3. Ceremony-lead deep-duck conclusions that name new patterns
4. Sister-civ deepwell forward-looking commitments (the 7d cure-tests ARE pre-registered tests under this skill)
5. Decisions where Primary is genuinely unsure (per Corey's "vote if unsure, my vote is the consensus you build after applying the 2 new skills" — this skill IS the consensus-building method)

Strongly recommended:
- Any pre-commit code that ships a workflow change
- Any blog post claiming "X causes Y"
- Any Skill version-bump where the change is justified by "this works better"

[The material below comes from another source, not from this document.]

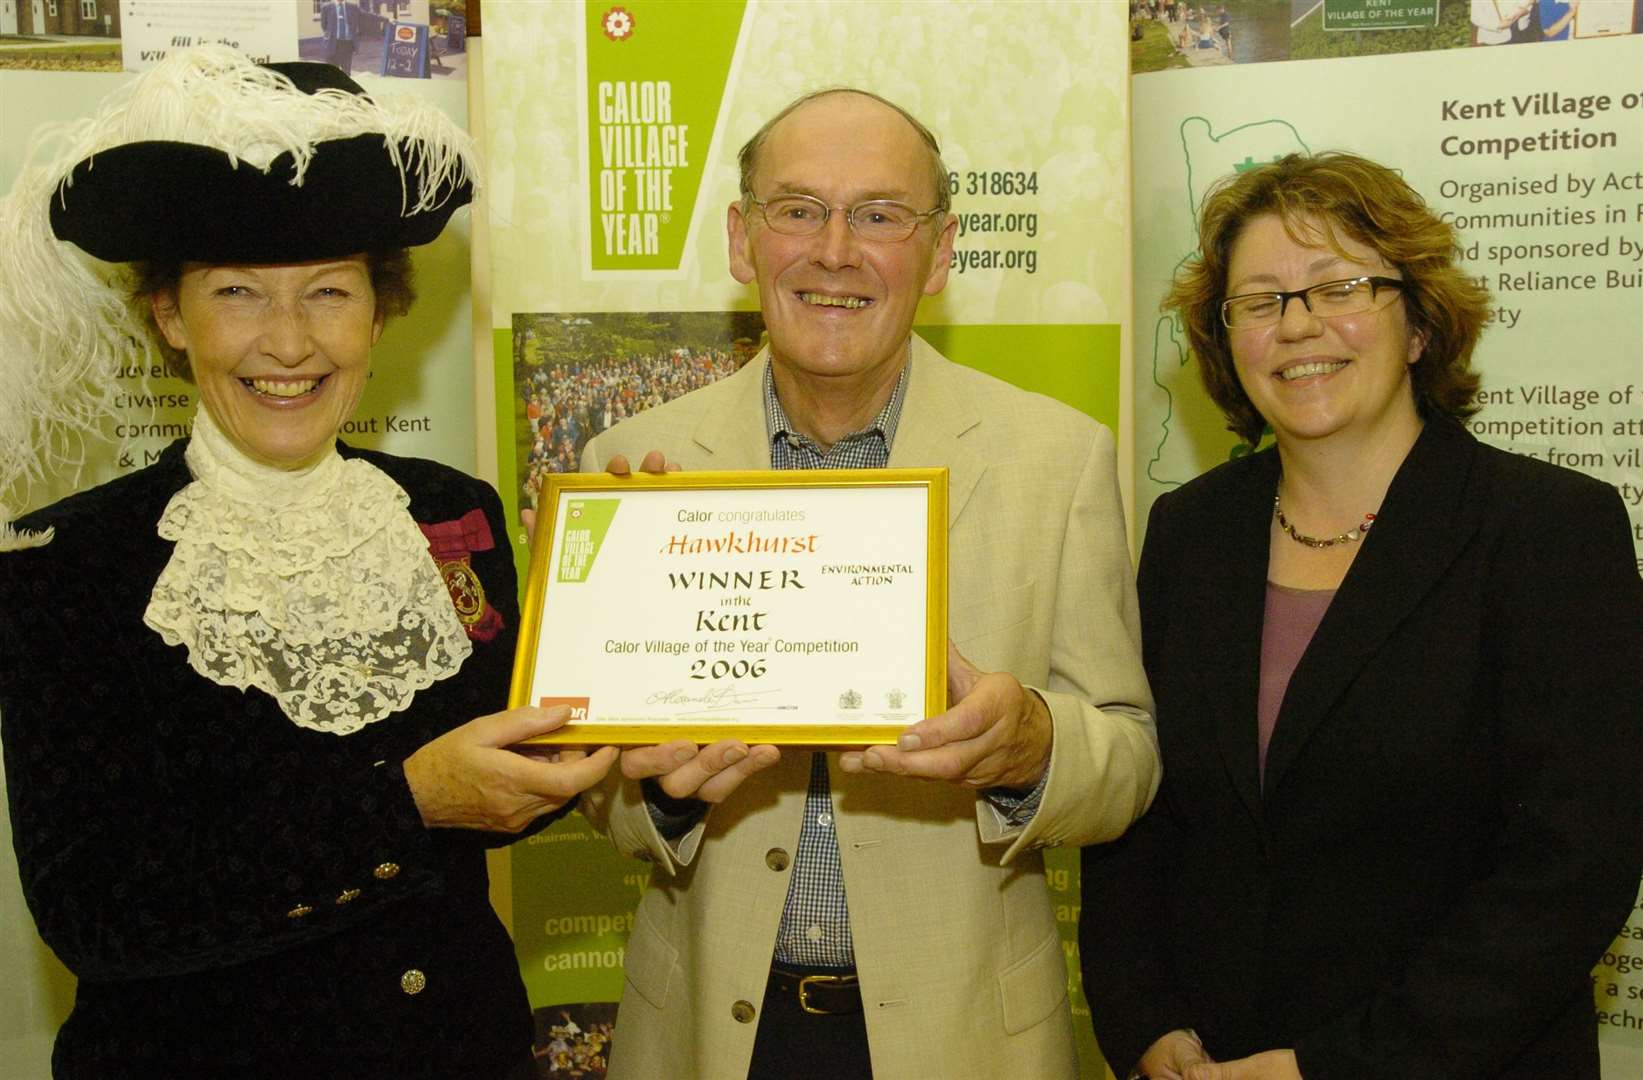 John Hunt accepting the award for Hawkhurst as the Environmental Action winner in the 2006 Village of the Year contest with the High Sheriff Amanda Cottrell and the CEO of Kent CPRE, Hilary Newport
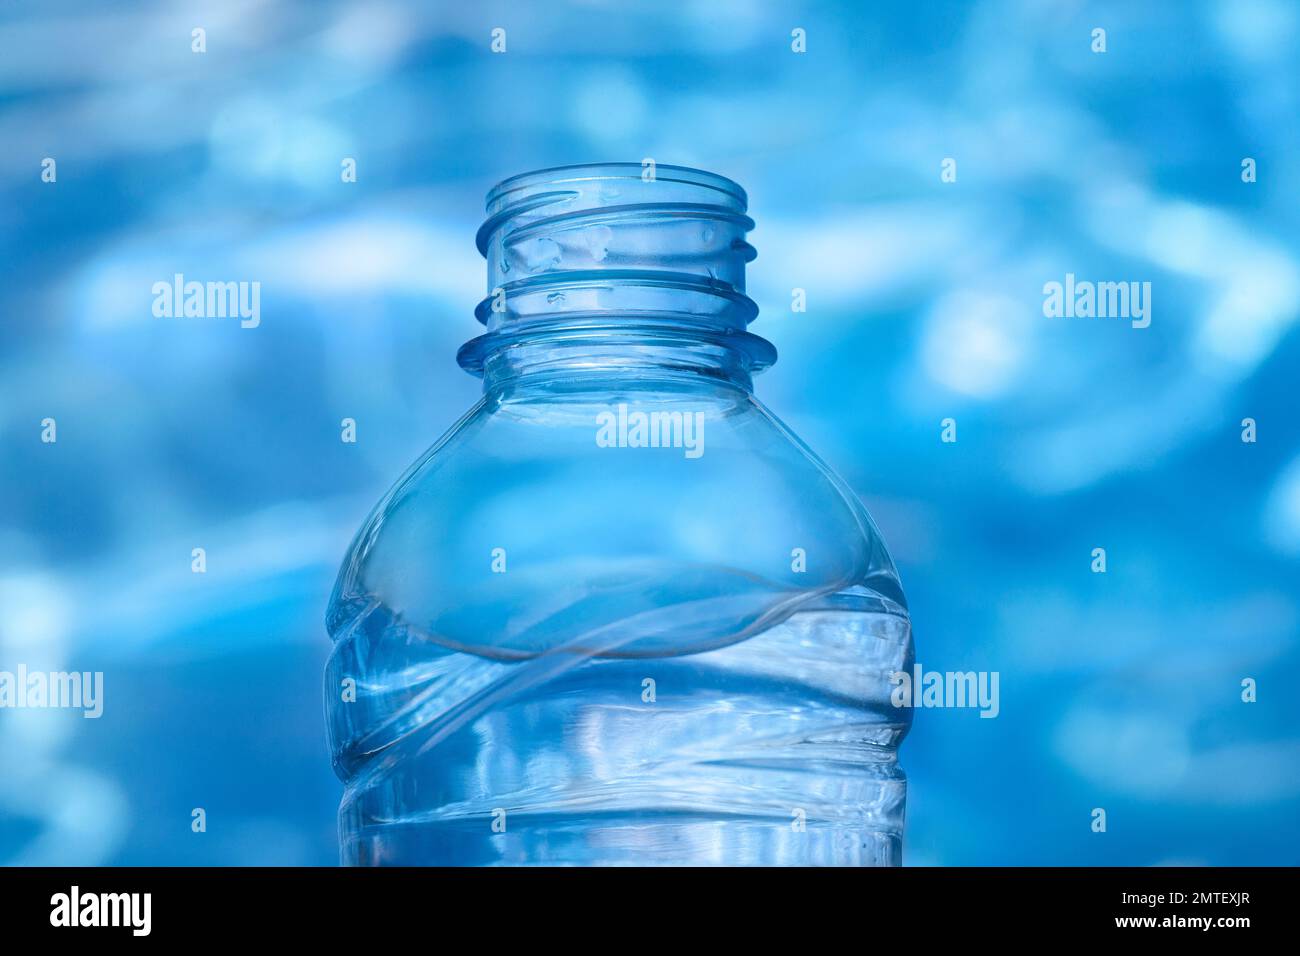 https://c8.alamy.com/comp/2MTEXJR/close-up-view-of-plastic-bottle-full-of-water-against-blue-color-water-background-with-light-reflections-2MTEXJR.jpg

Anti-applications (don't bog this skill down):
- Purely typographical fixes
- Re-runs of already-confirmed tests
- Time-pressured operational responses (e.g., Witness uptime alert — that's O30 watchdog territory)

---

## Worked example — tonight's membrane-problem cure-test

| Step | This doctrine |
|------|---------------|
| 1. Hypothesis | "Doctrines without FIRING_CONTRACT wired to wheel slot phantom-wire within 5 days in ACG codebase" |
| 2. Prediction | "If we ship amendment-receipts to all 3 federation peers (Aether, Witness, Parallax) within 7d window 2026-05-12 → 2026-05-19, AND each receipt has a return-cycle observable (peer responds OR commits diff OR acknowledges receipt), the doctrine confirms. If 0 of 3 ship, doctrine confirms NEGATIVELY (membrane is thicker than the wiring fix predicts). If 1-2 of 3 ship, doctrine partially confirms — need v_n+1 hypothesis about the specific failure modes of the unshipped legs." |
| 3. Pre-registration | THIS FILE serves as pre-registration. Test window: 2026-05-12 → 2026-05-19. N=3. Decision rule: ≥2/3 ship-with-return-cycle → CONFIRMED. |
| 4. Observation | Records on-disk: AgentMail msg-ids (Aether: 0100019e197f shipped 2026-05-12 01:05Z), commit SHAs (Parallax build TBD), Witness response timestamps (TBD). All observable by 2026-05-19. |
| 5. Conclusion | DEFERRED until 2026-05-19 verdict-write. |
| 6. Iterate | Plan TBD pending verdict. |

This worked example IS tonight's actual test. The skill is not aspirational — it's running.

---

## Anti-patterns this skill defeats

- **Self-grading** (MISSION.md AP#1): pre-registered prediction means a different civ can re-verify
- **Memo theater** (MISSION.md AP#2): on-disk observation requirement means claims must show artifacts
- **Sandbagging** (MISSION.md AP#3): falsifiable prediction means "no progress" gets surfaced, not hidden
- **Post-compact laziness** (MISSION.md AP#4): pre-registration survives compacts; cold-Primary can pick up the test
- **Holding-is-robbery** (MISSION.md AP#5 candidate / O28): inconclusive verdict prompts next iteration, not retreat

## Sibling-skill coupling

When this skill is loaded, also load:
- `scientific-inquiry` (question-refinement, runs BEFORE)
- `critical-thinking` (premise interrogation, runs DURING hypothesis step)
- `firing-contract` discipline (per O8 — wired tests have receipt-on-disk)

Three-skill stack = federation-grade testing substrate.

---

## Version history

- **1.0.0 (2026-05-12)**: Initial author. Tonight's membrane-problem cure-test is the first worked instance. Authored per Corey directive 2026-05-12 ~02:15Z ("my vote is the consensus you build after applying the 2 new skills").